Single by Cameo

from the album Word Up!
- B-side: "She's Strange"
- Released: 1986
- Genre: Electro-funk; R&B;
- Length: 5:39; 4:20 (7-inch edit);
- Label: Atlanta Artists
- Songwriters: Larry Blackmon; Thomas Jenkins;
- Producer: Larry Blackmon

Cameo singles chronology
| "Word Up!" (1986) | "Candy" (1986) | "Back and Forth" (1987) |

Music video
- "Candy" on YouTube

= Candy (Cameo song) =

"Candy" is a song by the American funk band Cameo, released as the second single from their 1986 album Word Up!. The song features a solo by saxophonist Michael Brecker. "Honey", a reworked version with different lyrics was included on their next album, Machismo.

==Charts==
In America, "Candy" reached number 21 on the Billboard Hot 100 and number 1 on the R&B charts in early 1987, causing Aretha Franklin's "Jimmy Lee" to stop at number 2.

"Candy" also made the Top 10 on the US Dance charts and number 27 in the United Kingdom in late 1986.

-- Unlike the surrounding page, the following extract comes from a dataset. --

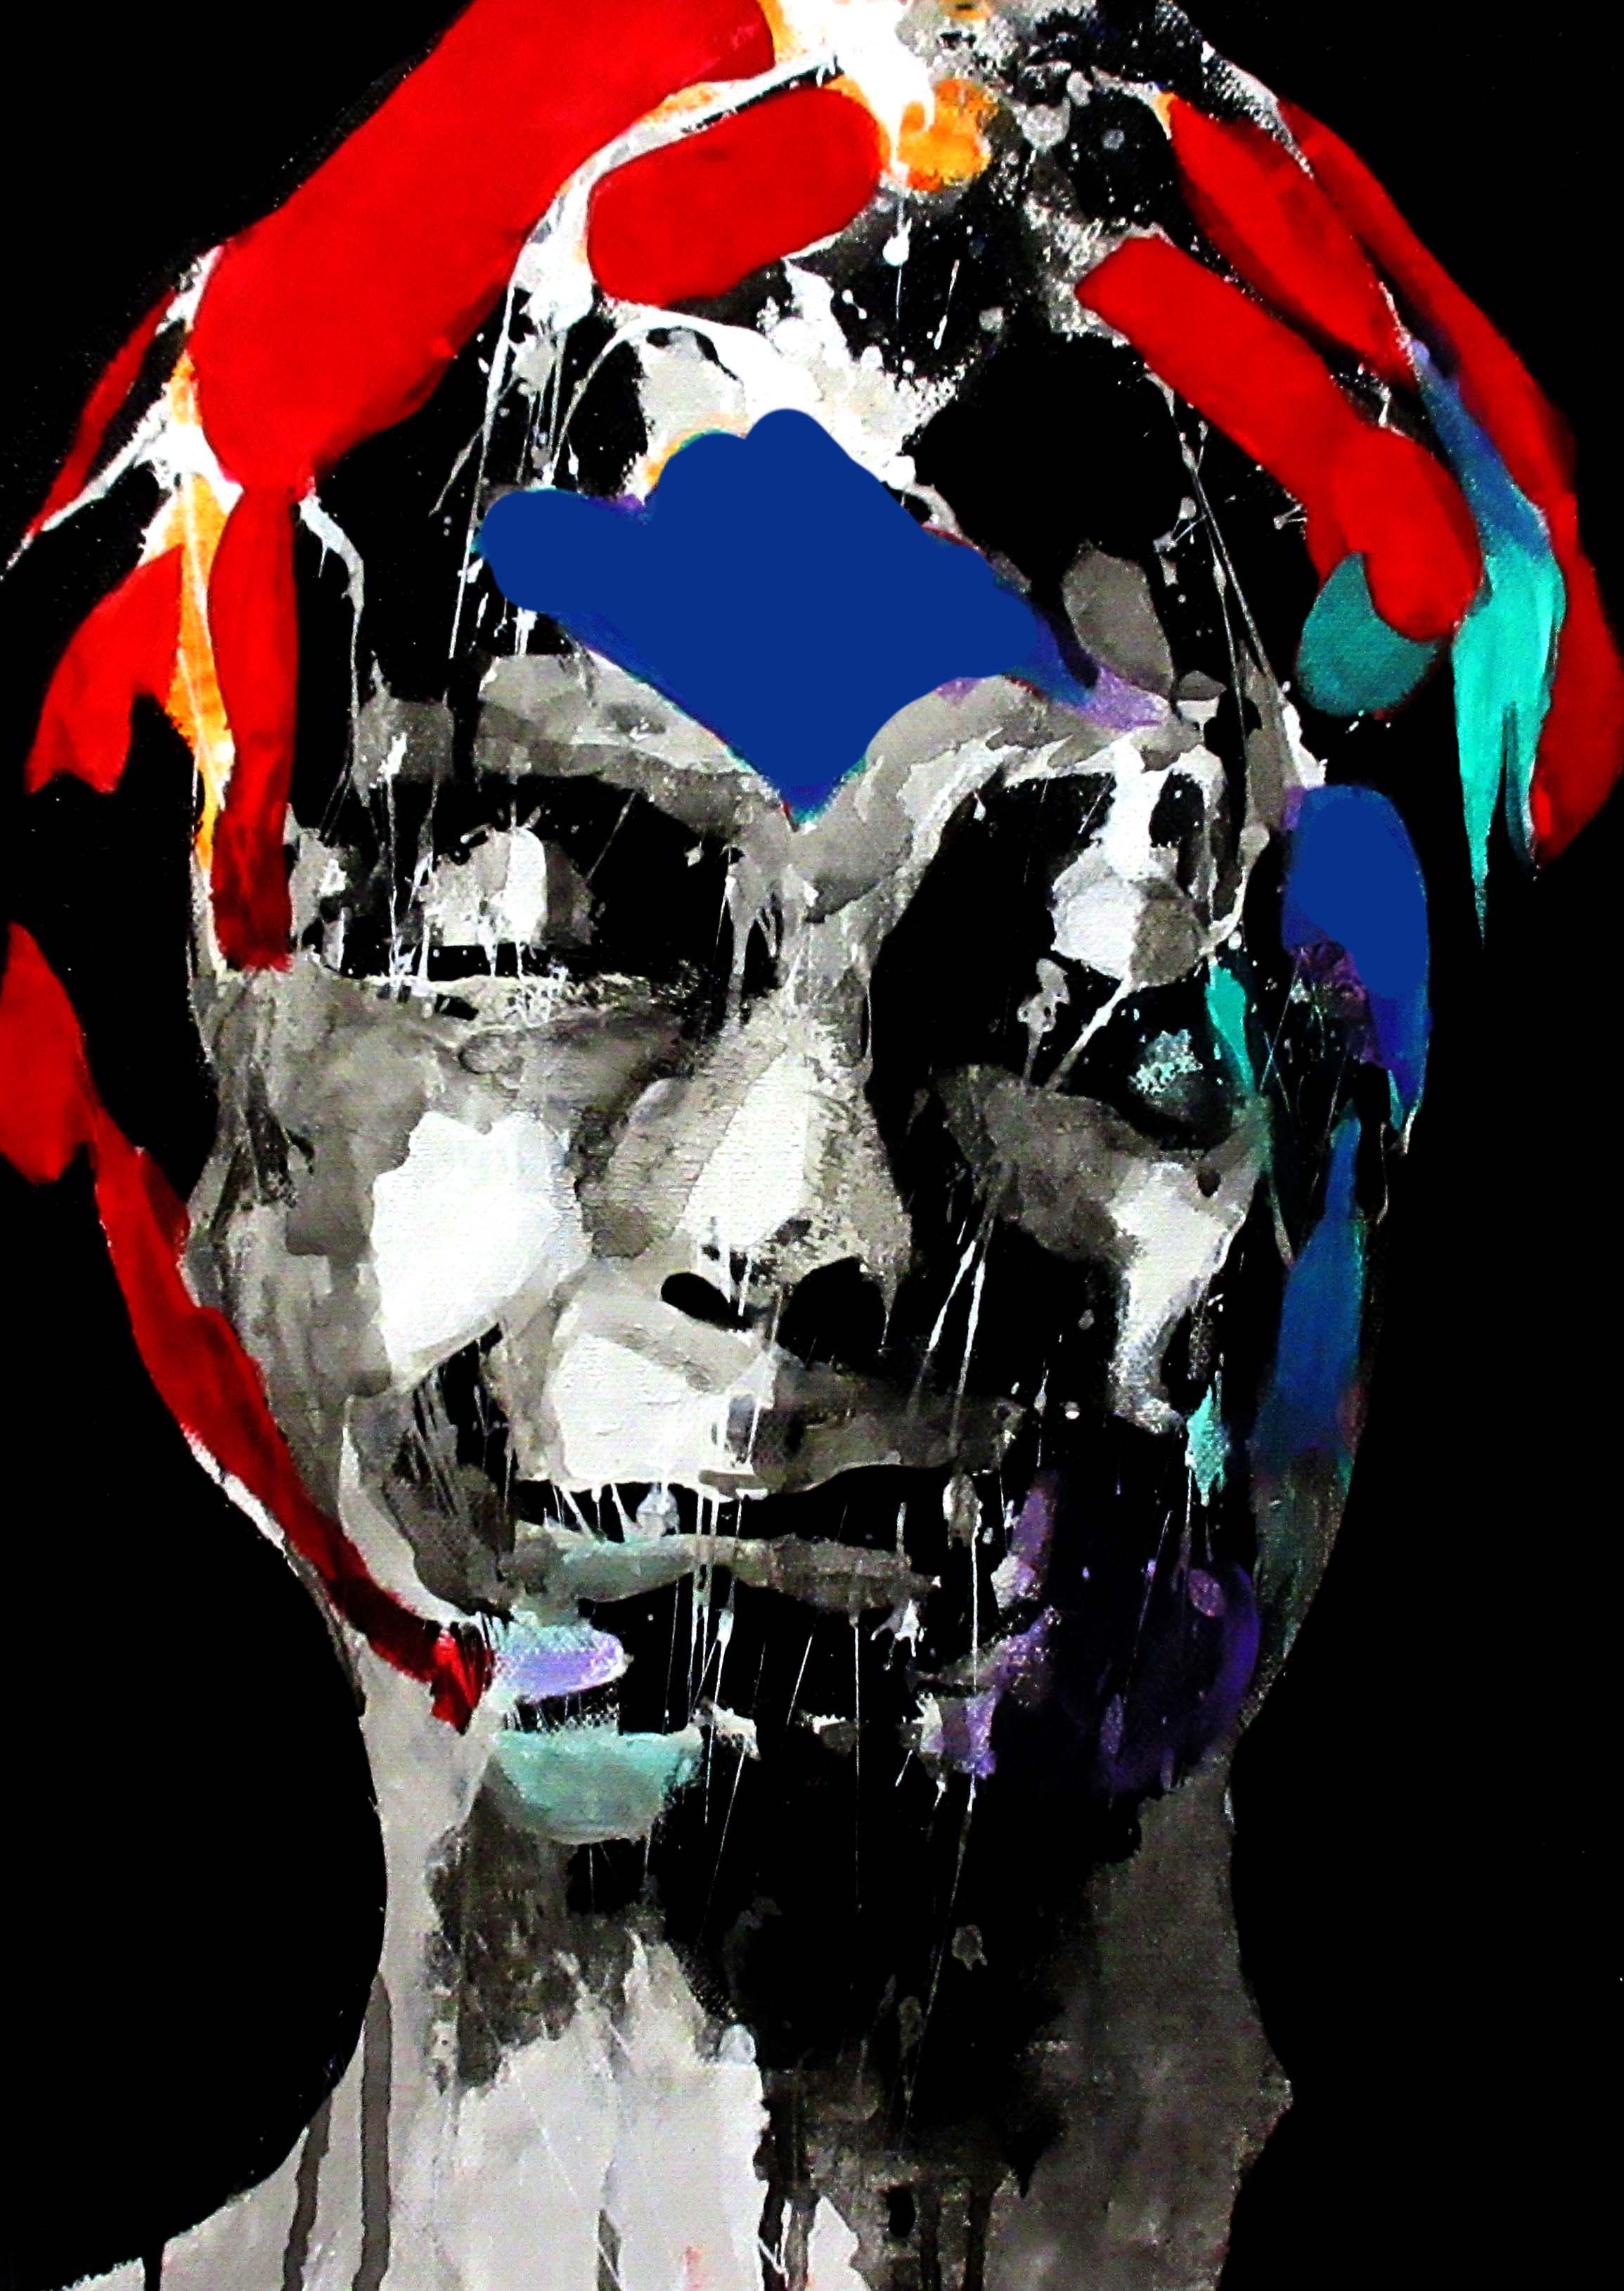 Il peint avec sa tête, 2018 | Mixed media on canvas | 40 x 25 cm | £220
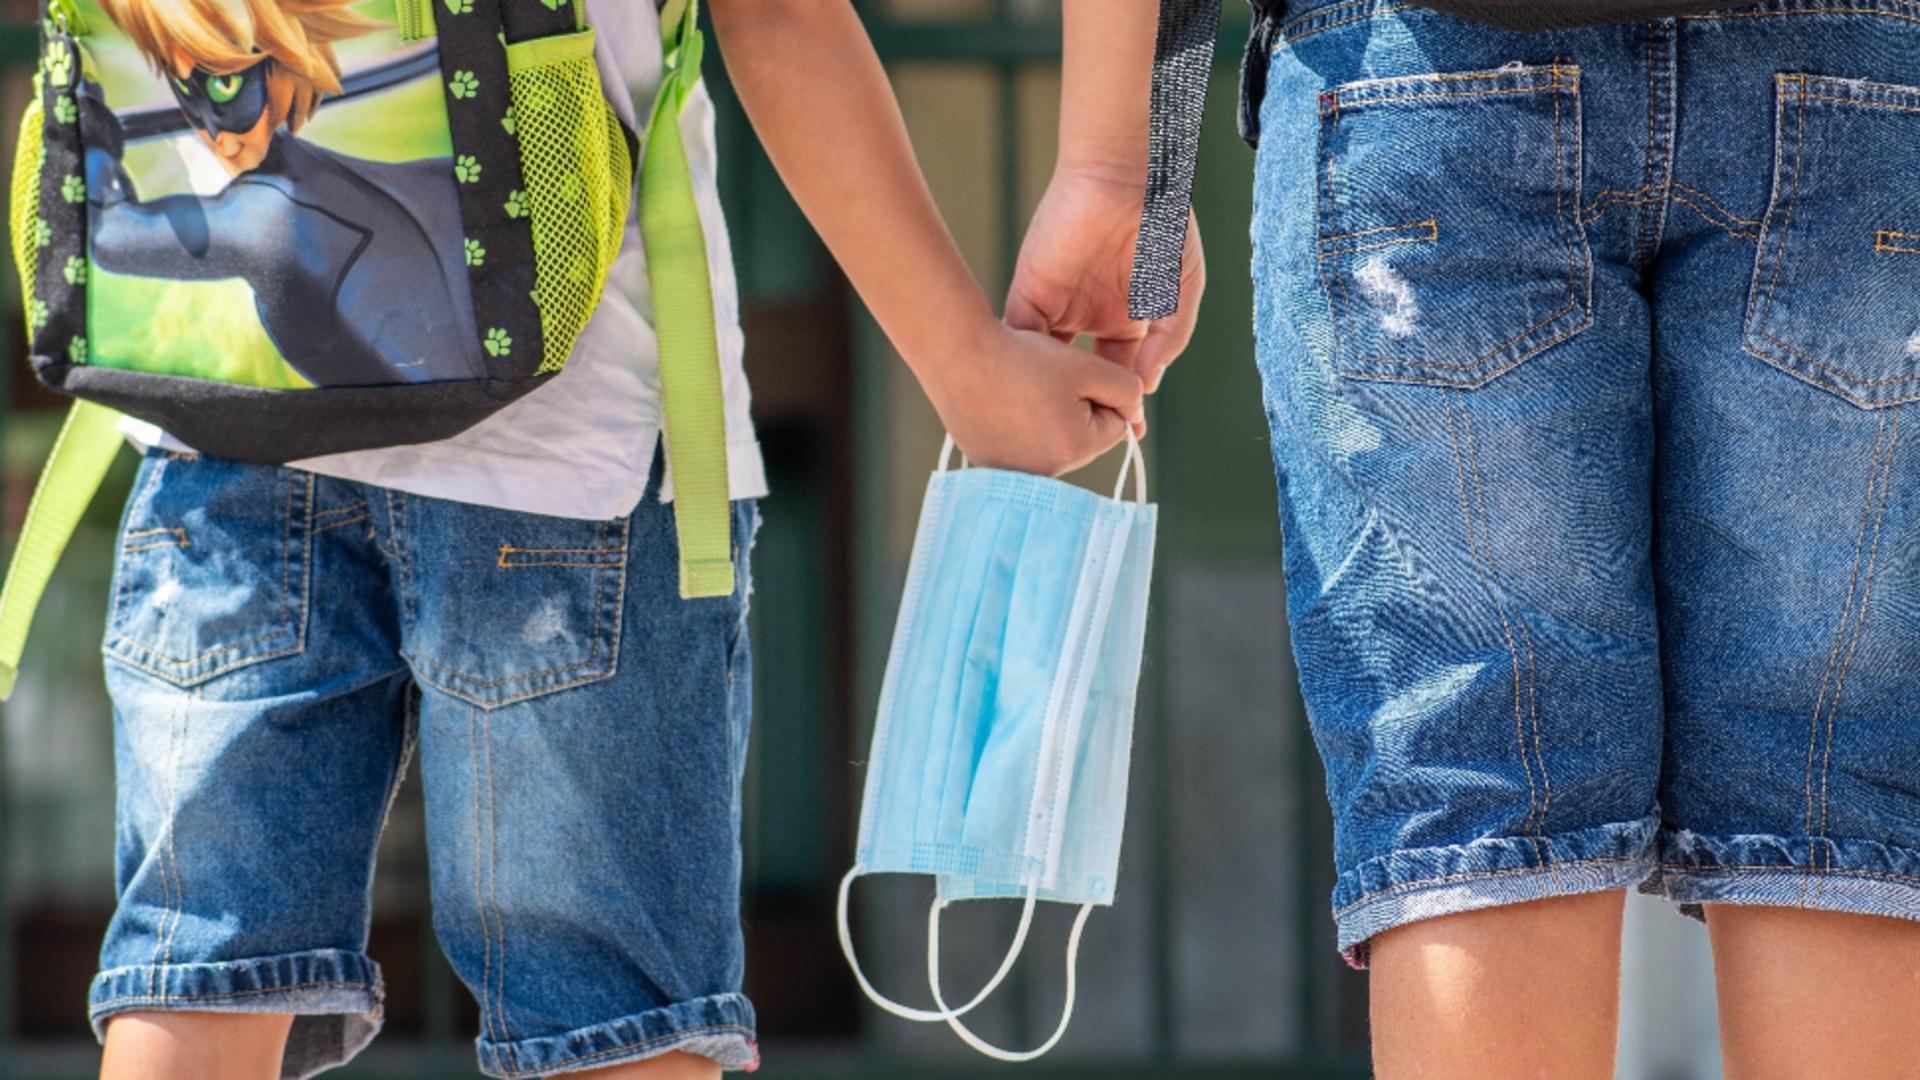 ȘCOLI închise din greșeală de autorități / Foto: Profi Media

| Chart (1986–1987) | Peak position |
|---|---|
| UK Singles (Official Charts) | 27 |
| US Billboard Hot 100 | 21 |
| US Dance Club Songs (Billboard) | 10 |
| US Hot R&B/Hip-Hop Songs (Billboard) | 1 |

==Certifications==

| Region | Certification | Certified units/sales |
| United Kingdom (BPI) | Silver | 200,000^{‡} |
^{‡} Sales+streaming figures based on certification alone.

==Music video==
The music video, shot on film, was directed by Polish filmmaker Zbigniew Rybczyński. Set against a backdrop of Times Square and various neon signs, the video features a high level of video compositing, with multiple layers of the band members and dancers appearing on screen in varying sizes and depths of field at once.

==Samples==
The song has been sampled by various artists, including Will Smith ("Candy", on his album Big Willie Style) and Mariah Carey ("Loverboy", on the soundtrack to the film Glitter); the latter song would reach #2 on the Billboard Hot 100 in 2001. The Black Eyed Peas sampled it for the song "Ba Bump" from their album Monkey Business. Tichina Arnold sampled the basis for her song "Sweet Love" off her album Soul Free. The song was also sampled by R&B singer Jacquees on his song "Come Thru" which features hip-hop artist Rich Homie Quan. It was also sampled by 8ball & MJG on "Just Like Candy" off the Suave House Records compilation album The Album of the Year. Rapper Snoop Dogg sampled a portion of the song for his 2026 single “Step” featuring Swizz Beatz.

The song's lyrics, "You're giving me a heart attack, It's the kind I like" were interpolated in the New Radicals song "Mother We Just Can't Get Enough" as "You're a heart attack, just the kind I like".